4.3. Aspects chauds et aspects froids de la mentalisation

D'autres travaux plus récents encore font émerger de nouvelles propositions quant à la conception de la fonction de mentalisation. Coricelli (2005) fait l’hypothèse de deux niveaux de lecture mentale. L'auteur propose un premier niveau, considéré comme un phénomène préconceptuel automatique reposant spécifiquement sur une compréhension primitive du mental de l’autre. Ce niveau serait effectivement basé sur l’imitation précoce, la reconnaissance des émotions et des actions. Le second niveau renverrait à un phénomène conceptuel volontaire (contrôlé) basé sur l’empathie, l’intentionnalité et les hauts niveaux de raisonnement. Il suppose la capacité à pouvoir adopter le point de vue d’un autre quant à la compréhension et l’anticipation d’un comportement.

Ce 1er niveau permet l’accès primaire aux intentions à partir de l’observation des mouvements tandis que le second est basé sur la reconnaissance des émotions et de l’impact de celles-ci.

S’agissant du second niveau, Coricelli (2005) distingue les aspects chauds des aspects froids en fonctions du type d’inférences. Les aspects froids renvoient aux inférences sur des états épistémiques (croyances, désirs, connaissances) sans implication affective. Les aspects chauds renvoient à des inférences sur les états affectifs des autres, cela passe par l’empathie.

La reconnaissance de l’action et des émotions (1er niveau : automatique, inconscient,

conscient, conceptuel). Ce 1er niveau permet à un sujet de se construire ses propres représentations des autres nécessaires pour la TDE.

Cette approche de lecture mentale à deux niveaux est en contraste avec l’idée d’un module TDE unique.

Dans la cognition sociale, les concepts d’empathie et de TDE sont deux processus importants.

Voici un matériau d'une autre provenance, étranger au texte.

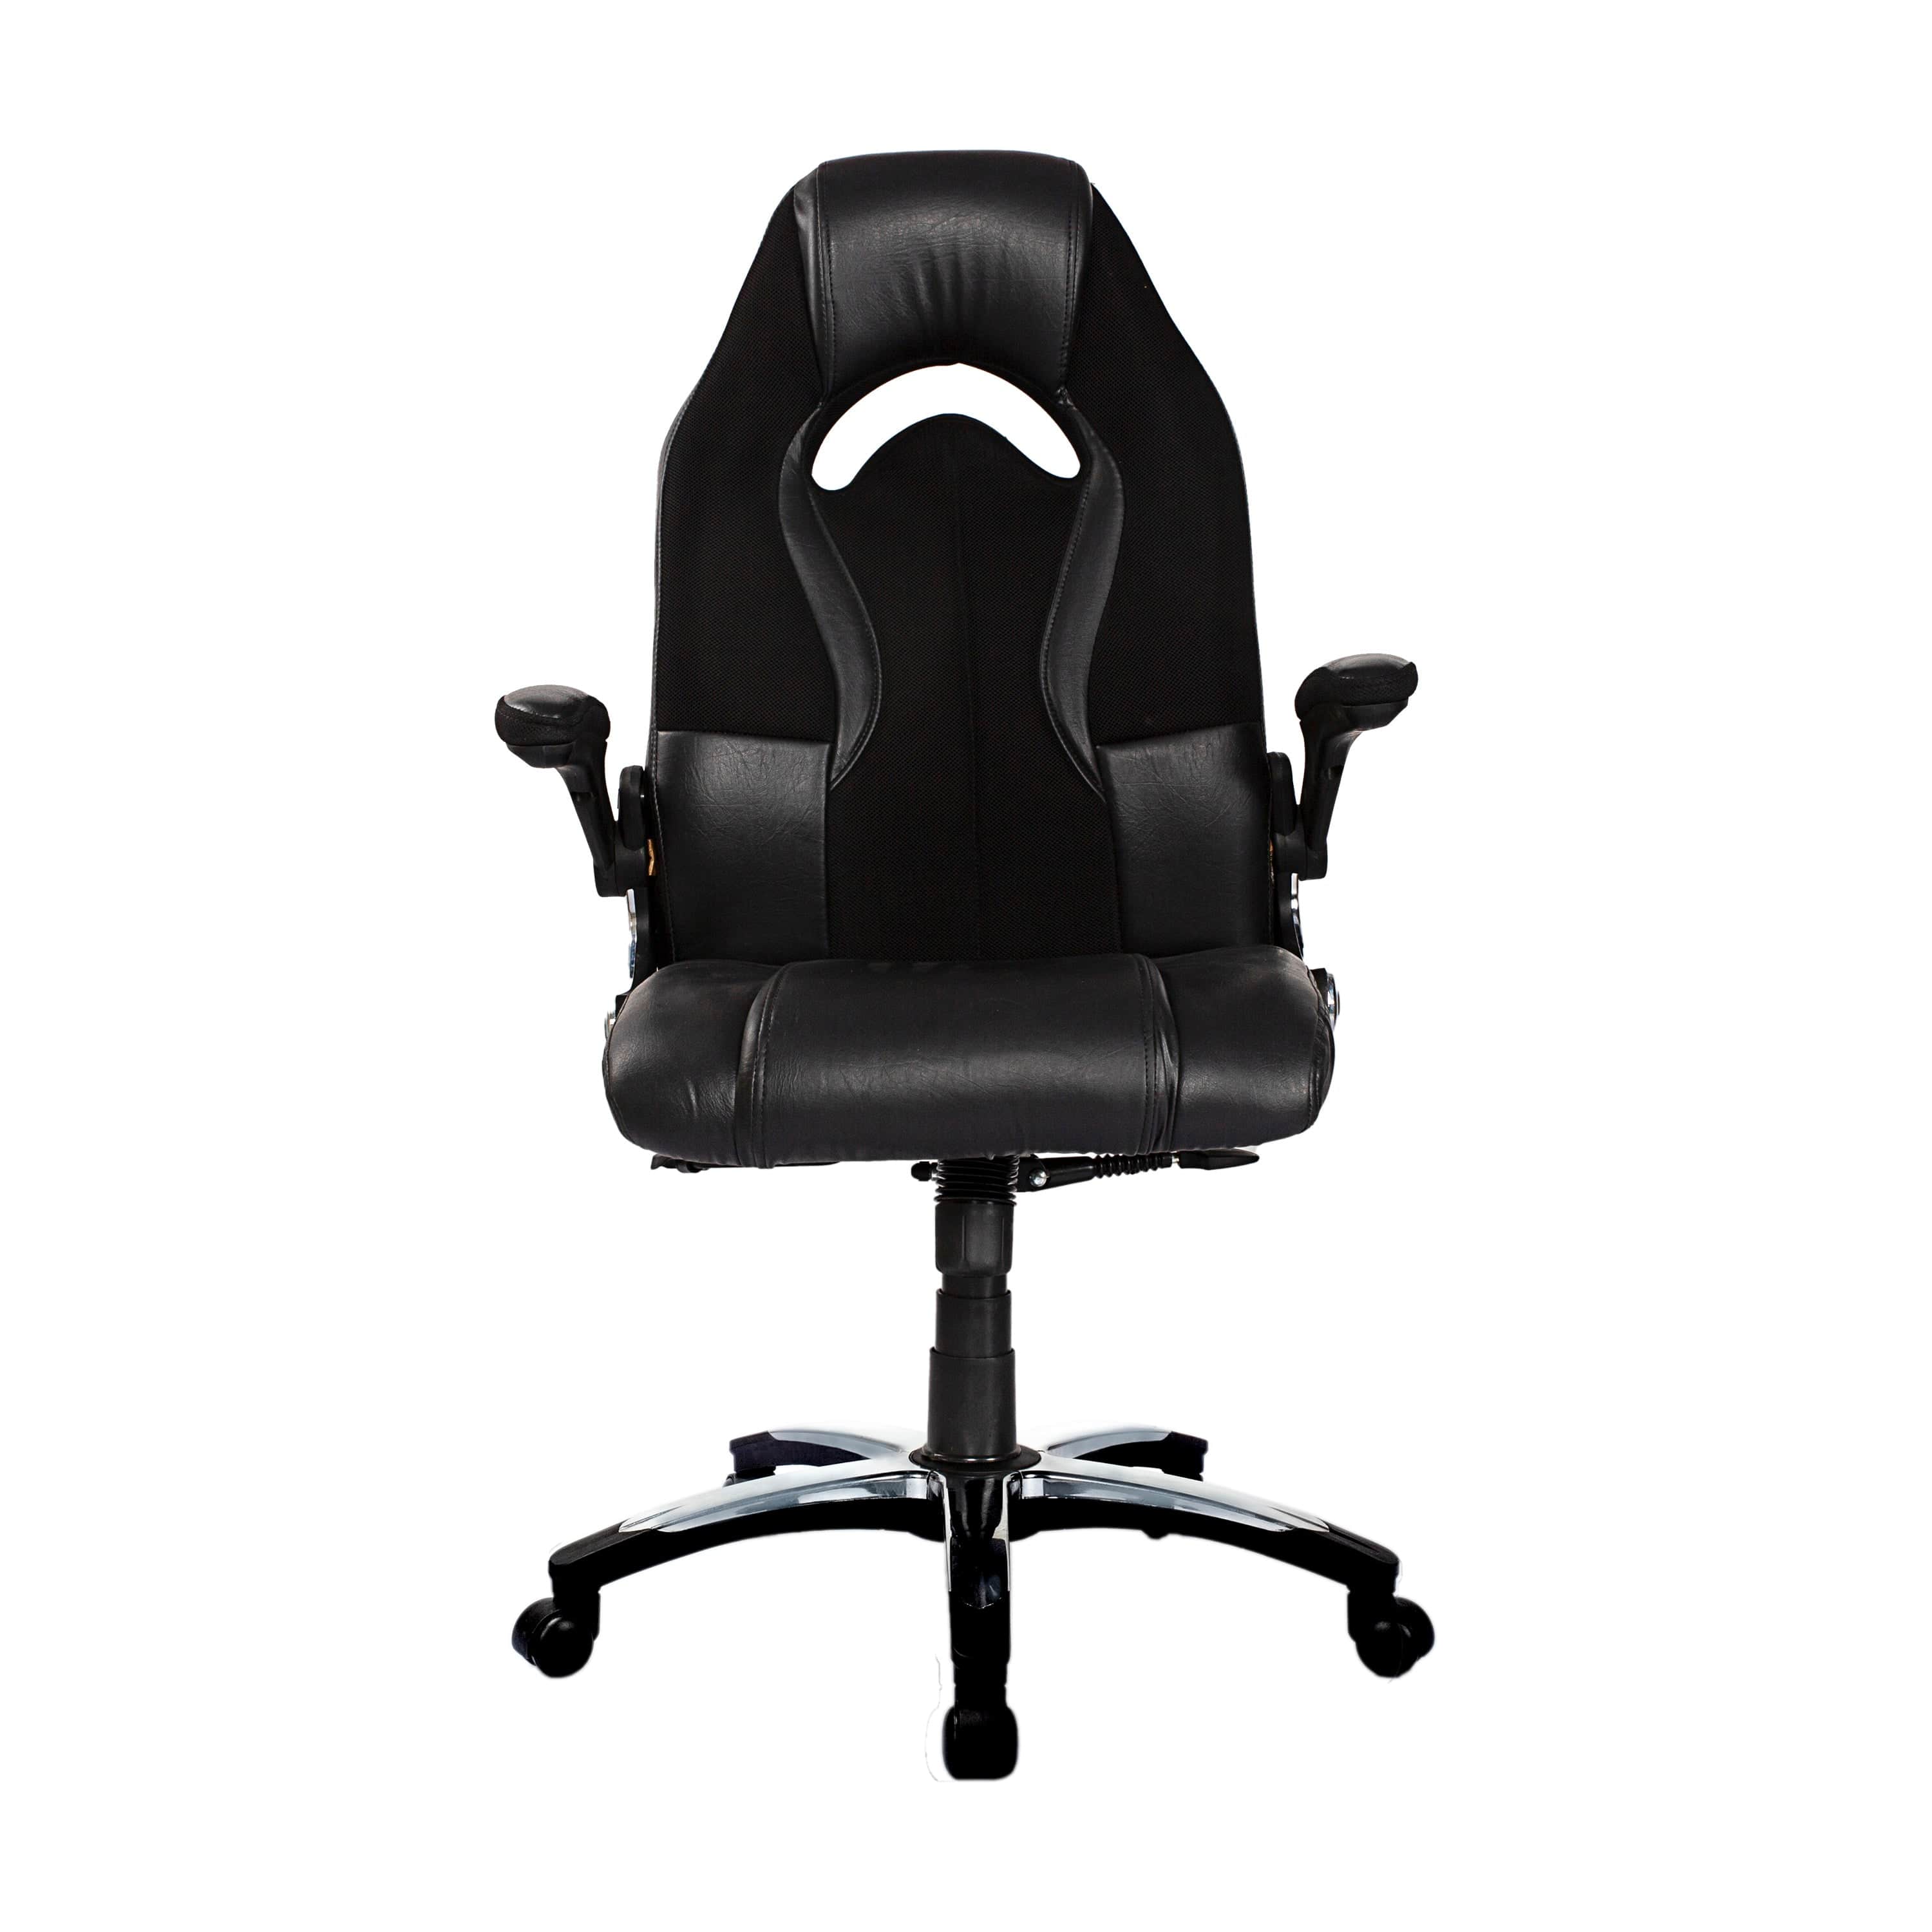 Adiko High Back Designer Gaming Chair in Black

La TDE renvoie à la capacité à attribuer un état mental à un autre tandis que l’empathie renvoie à la capacité de deviner les expériences émotionnelles de l’autre. La base de la TDE est de pouvoir nous imaginer à la place de l’autre c’est à dire utiliser notre pensée propre pour simuler les processus mentaux qui opèrent dans l’esprit d’autrui. Cette compétence nous permet de comprendre les états mentaux (intentions, buts et croyances) et serait spécifique à l’être humain.

L’empathie renvoie au cas spécifique de la simulation des émotions et permet de partager le ressenti et les émotions des autres (basiques et complexes). Elle permet d’adopter un comportement altruiste (partage des affects, attribution d’état mental, contrôle de l’action, imitation) ; cependant, il ne s’agit pas uniquement d’un partage car l’état mental de l’autre doit pouvoir être perçu comme distinct de son propre ressenti. Pour Decety et Lamm (2006), l’empathie est la capacité à faire l’expérience et à comprendre ce que les autres pensent sans confusion avec soi-même.

Pour Preston et de Waal (2002), l’observation ou l’imagination d’un état émotionnel singulier chez l’autre active automatiquement une représentation chez l’observateur qui va associer des réponses automatiques et somatiques.

L’empathie dépend de structures cérébrales se développant plus précocément et est donc fonctionnelle plus tôt dans le développement que la TDE. On peut aussi considérer qu'il existe différents niveaux d’empathie. Le 1er est de comprendre ce que ressent l’autre quand il ressent la même chose (congruence). Ce niveau est basé sur sa propre représentation d’un état personnel (structures limbiques). Le 2nd niveau est de comprendre ce que ressent l’autre quand il ne ressent pas la même chose. Ce niveau nécessite une capacité de mentalisation (structures préfrontales et temporales).

Les différents travaux qui se sont développés autour de ces concepts d’empathie et de TDE ont émergé des recherches effectuées en primatologie et en psychopathologie, l’objectif majeur étant de contribuer à mieux comprendre l’origine des troubles du comportement et ainsi de mieux les appréhender. Actuellement, la tendance générale est d’opposer deux approches explicatives sur cette capacité de « lire » les autres esprits. Il s’agit d’une part de l’approche liée à la notion de « simulation » et d’autre part, de l’approche liée à la notion de « théorie-théorie ».